Optimizing bioethanol production from cassava peels through agitation timing variation in separate hydrolysis and co-fermentation

Background: This study assessed the effect of various agitation timings on bioethanol production from cassava peels (CP) using separate hydrolysis and co-fermentation (SHCF) technique. Methods: The milled CP was divided into three groups each of 20 g and subjected to two-stage hydrolysis carried out at 100 oC for 60 min and 50 minutes, respectively. Experimental layouts were Sample 1 (B1) [0 hours i.e., no shaking], Sample 2 (B2) [3 hours shaking with an electric shaker at 200 rev/min-1], and Sample 3 (B3) [6 hours shaking at 200 rev/min-1]. Fermentations were carried out at 30 oC for 72 days.
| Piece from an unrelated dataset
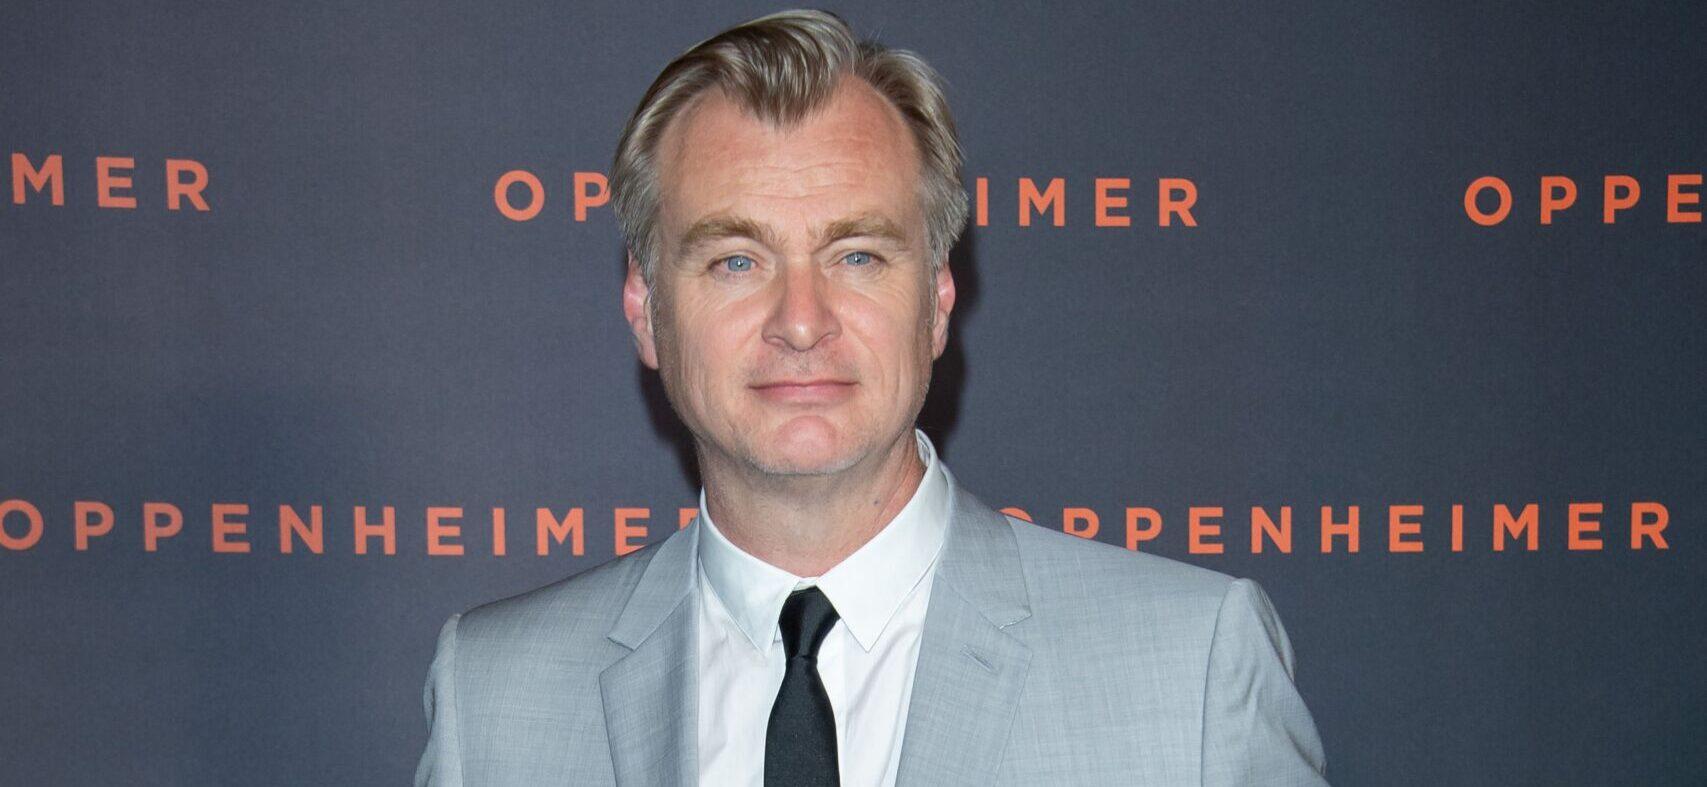 Christopher Nolan Reveals He Would Not Direct A Superhero Film Again After ‘Dark Knight’ Trilogy

Data were analyzed using descriptive statistics, one–way ANOVA, and New Duncan's multiple range test at P = 0.05. Results: The TSS and pH readings of the treatment groups before and after fermentation were: B1 – TSS (27.15 ± 0.15, 17.25 ± 0.07 oBx), pH (5.50 ± 0.00, 4.53 ± 0.04); B2 – TSS (27.32 ± 0.08, 14.78 ± 0.12 oBx), pH (5.50 ± 0.00, 4.74 ± 0.06); and B3 – TSS (27.17 ± 0.07, 10.24 ± 0.08 oBx), pH (5.50 ± 0.00, 4.77 ± 0.05) (P < 0.05). The mean fermentation efficiency (FE) and ethanol productivity (EP) were B1 (15.17 ± 0.07%, 0.122 ± 0.001 gL-1h-1), B2 (15.70 ± 0.18%, 0.126 ± 0.002 gL-1h-1), and B3 (18.80 ± 0.14%, 0.151 ± 0.001 gL- 1h-1) (P < 0.05). All treatment groups attained the maximum ethanol yields at 72 hours of fermentation (P < 0.05). Agitation at 200 rev/min-1 for 6 hours gave the optimal FE (%), EP, and ethanol yield. Conclusion: The established condition improved the Bioethanol quality and yield of CP. Thus, optimizing bioethanol production from CP would help enhance sustainable biofuel production without affecting food security.